Ils bénéficient de privilèges inconnus des autres détenus comme celui d'utiliser le téléphone presque à loisir (puisqu'ils doivent pouvoir contacter leurs avocats), de prendre une douche quotidienne, de posséder un poste de télévision ou un lecteur de DVD, dont ils ont le contrôle.
A Chowchilla, les condamnées peuvent décider de garder la porte de leurs cellules ouverte dans la journée afin de déambuler dans le couloir de la mort, se retrouver dans la salle commune ou se rendre mutuellement visite.
« Tant qu'à être en prison, explique Rosie qui appelle sa cellule “ma maison”, mieux vaut être en Californie et dans le couloir de la mort qu'ailleurs. »
En cas de visites, les condamnés à mort peuvent s'isoler dans une sorte de cabine privative, ce qui n'est pas le cas des autres détenus qui, eux, se rencontrent dans un grand réfectoire bruyant sans intimité.
A San Quentin, le condamné est séparé de son visiteur par une épaisse cloison en plexiglas. A Chowchilla, je me suis retrouvée dans une petite pièce, seule avec Rosie, pendant des heures. Elle avait une entière liberté de mouvements. Elle m'a à chaque fois demandé de lui apporter un paquet de cigarettes qu'elle cache sous son épaisse chevelure coiffée en chignon lorsqu'il est temps pour elle de retourner dans les profondeurs du pénitencier.
13 exécutés depuis 1977, 71 morts d'autres causes



Il y a quatre ans, les exécutions ont été interrompues jusqu'à nouvel ordre par le gouverneur Arnold Schwarzenegger (lorsqu'il est devenu clair que la première des trois injections du cocktail mortel, qui doit plonger le condamné dans le coma et lui éviter l'insupportable douleur provoquée par les deux autres, n'a pas toujours l'effet désiré).
Du coup, le risque d'être mis à mort est devenu pour ainsi dire nul en Californie. Il n'était de toutes façons pas très élevé avant non plus. L'Etat a la plus grande population de condamnés à mort des Etats-Unis, mais depuis la reconstitutionalisation de la peine capitale en 1977, treize détenus seulement ont été exécutés. 71 autres sont décédés d'autres causes.
Les condamnés croupissent ainsi pendant plusieurs décennies dans le couloir de la mort et gagnent du temps en mettant à profit les multiples procédures d'appels mises à leur disposition par la loi pour éviter l'exécution d'innocents. Et comme l'explique le professeur de droit Laurie Levenson :
« C'est un système très pervers. Nous avons un couloir de la mort, mais pas vraiment d'exécutions. Ainsi les criminels réclamant la peine de mort n'ont pas l'impression de prendre une décision de vie ou de mort. »

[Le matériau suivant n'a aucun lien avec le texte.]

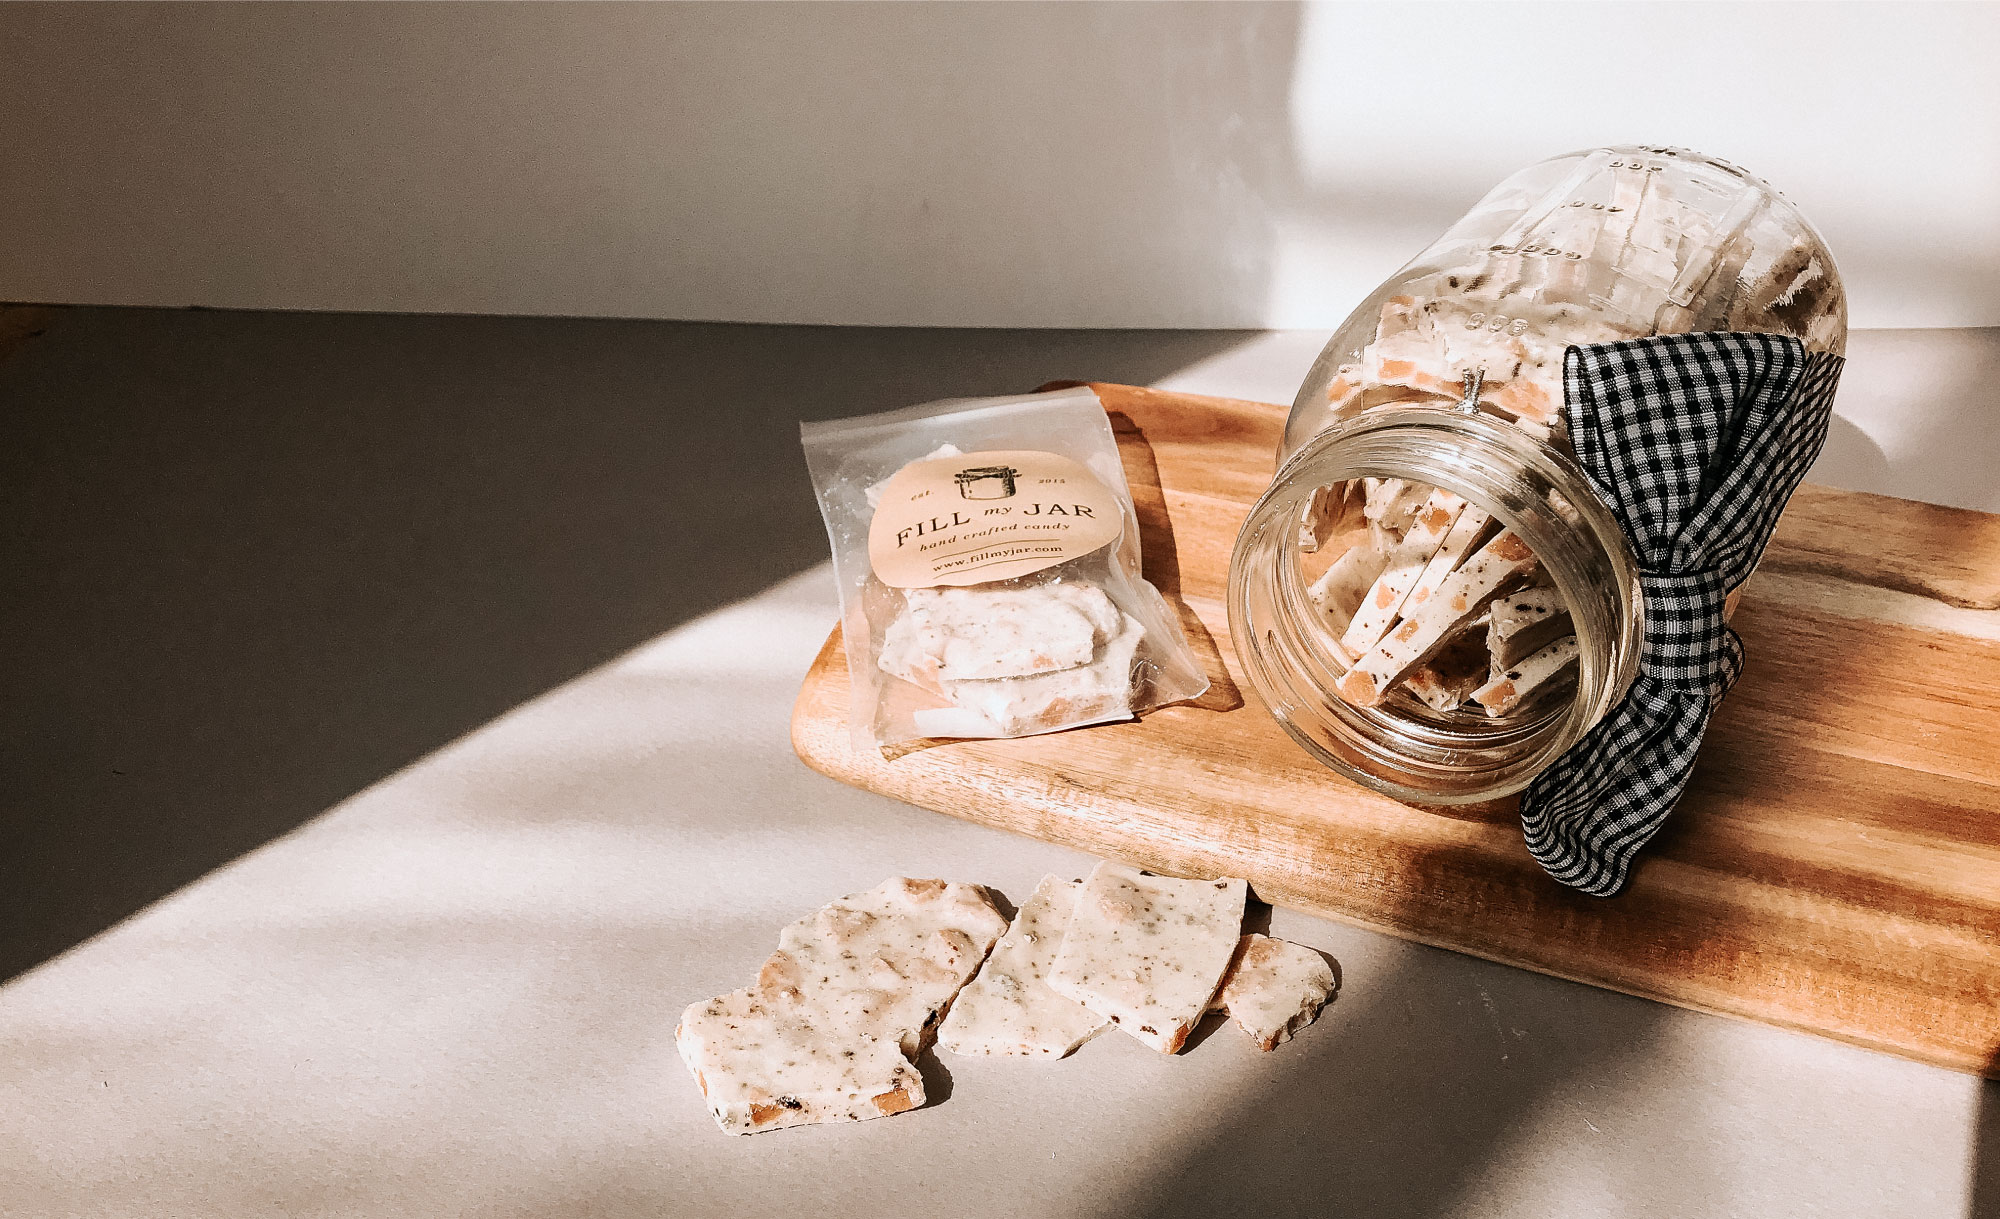 Fill My Jar Brand Design By Viola Hill Studio

49 000 dollars par an par détenu, 138 000 dans le couloir de la mort



Non seulement l'application de la peine capitale augmente en absurdité -sans parler de l'immoralité- avec les années qui passent (imaginez le parcours psychologique d'un(e) criminel(le) pendant une période de 20 ans. Rosie, par exemple, s'est complètement repentie et il est impossible aujourd'hui de l'imaginer en tueuse), mais elle coûte une fortune aux contribuables.
Selon le California Department of Corrections, un condamné à vie coûte 49 000 dollars par an, tandis que pour un condamné à mort, le chiffre grimpe à 138 000 dollars.
C'est le prix que les Californiens devront donc payer pour que Billy Johnson, « white supremacist » haineux, dispose de plus d'aises que s'il avait été envoyé à Pelican Bay, la prison de haute sécurité la moins hospitalière de l'Etat.Pour l'avocat de Johnson, Michael Molfetta :
« Mon client a calculé qu'il aura près 70 ans lorsqu'il aura épuisé toutes les procédures d'appels auxquelles il a droit. Il se moque de vivre au delà de cet âge. » Verdict le 23 novembre.